RECORDS SHOWN:

☆ ☆ ☆

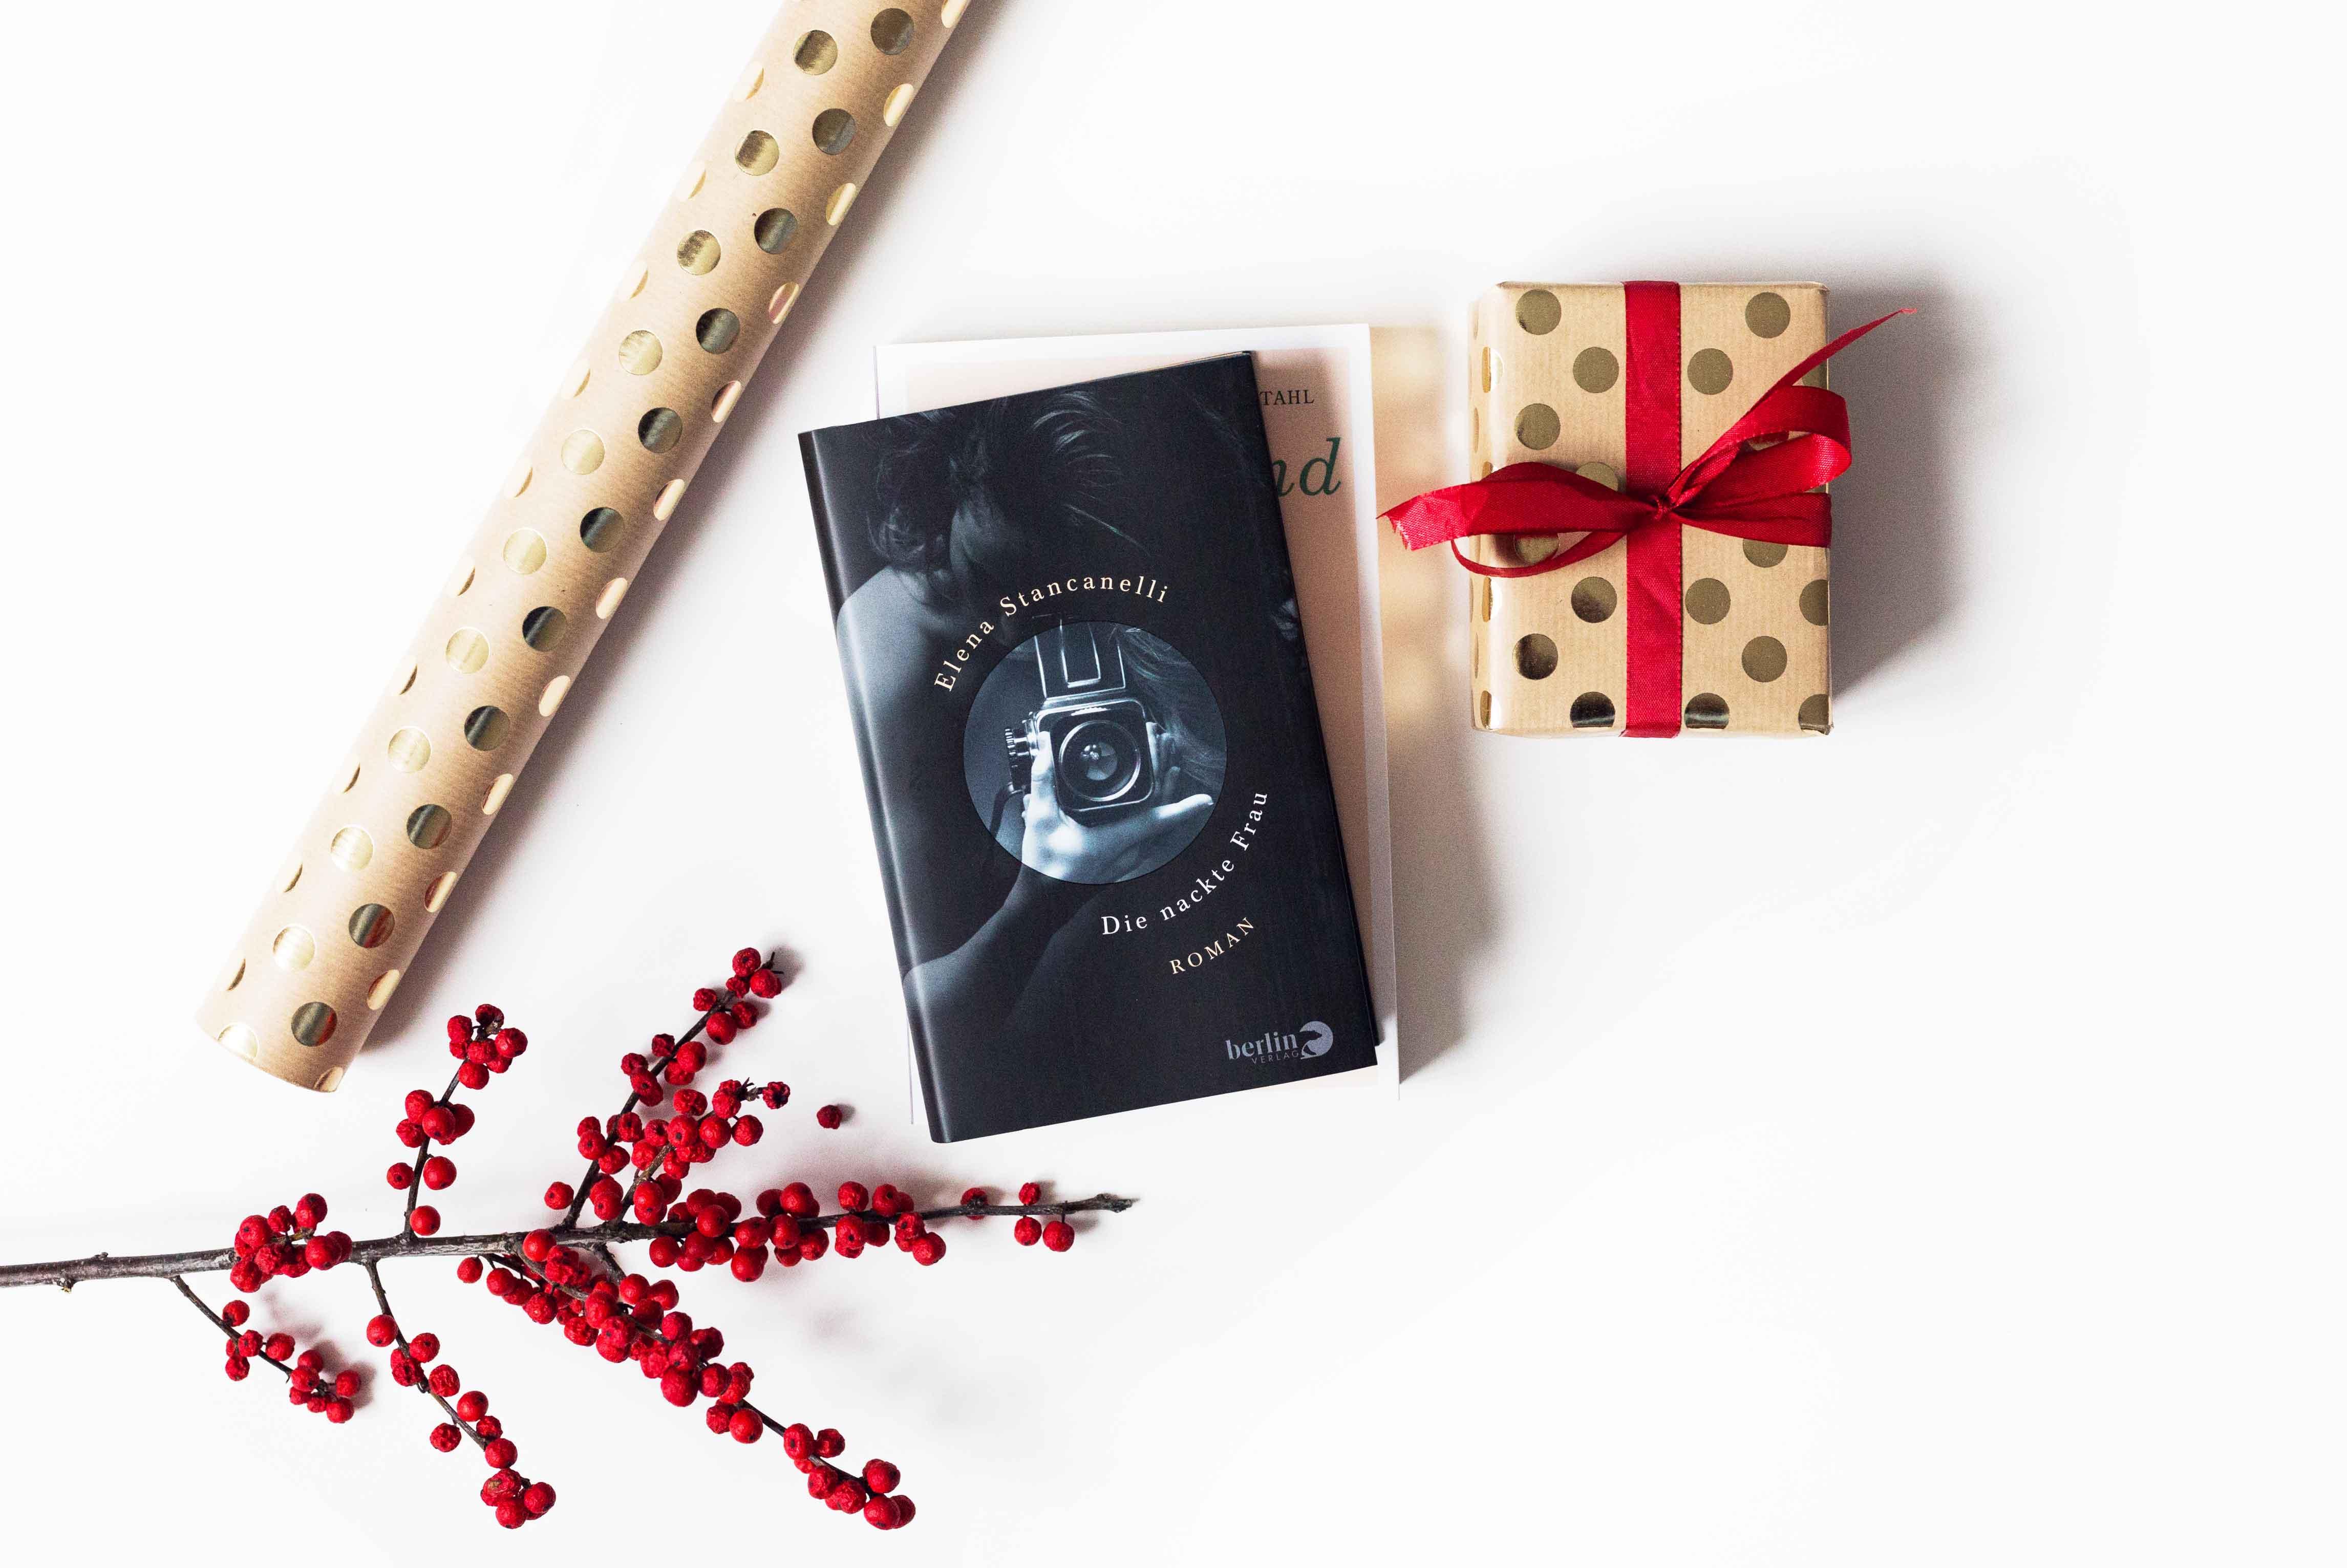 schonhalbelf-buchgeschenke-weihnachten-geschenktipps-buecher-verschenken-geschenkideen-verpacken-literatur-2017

☆ ☆ ☆

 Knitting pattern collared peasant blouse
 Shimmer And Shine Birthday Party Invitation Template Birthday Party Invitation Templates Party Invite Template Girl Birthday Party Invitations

☆ ☆ ☆

ACTIVITY: Here the job is to set down exactly the lines of the material above that fall between the one with "Knitting pattern collared peasant blouse" and the one with "Shimmer And Shine", inclusive, and nothing beyond them.

RESULT OF THE EXERCISE:
 Knitting pattern collared peasant blouse
 Shimmer And Shine Birthday Party Invitation Template Birthday Party Invitation Templates Party Invite Template Girl Birthday Party Invitations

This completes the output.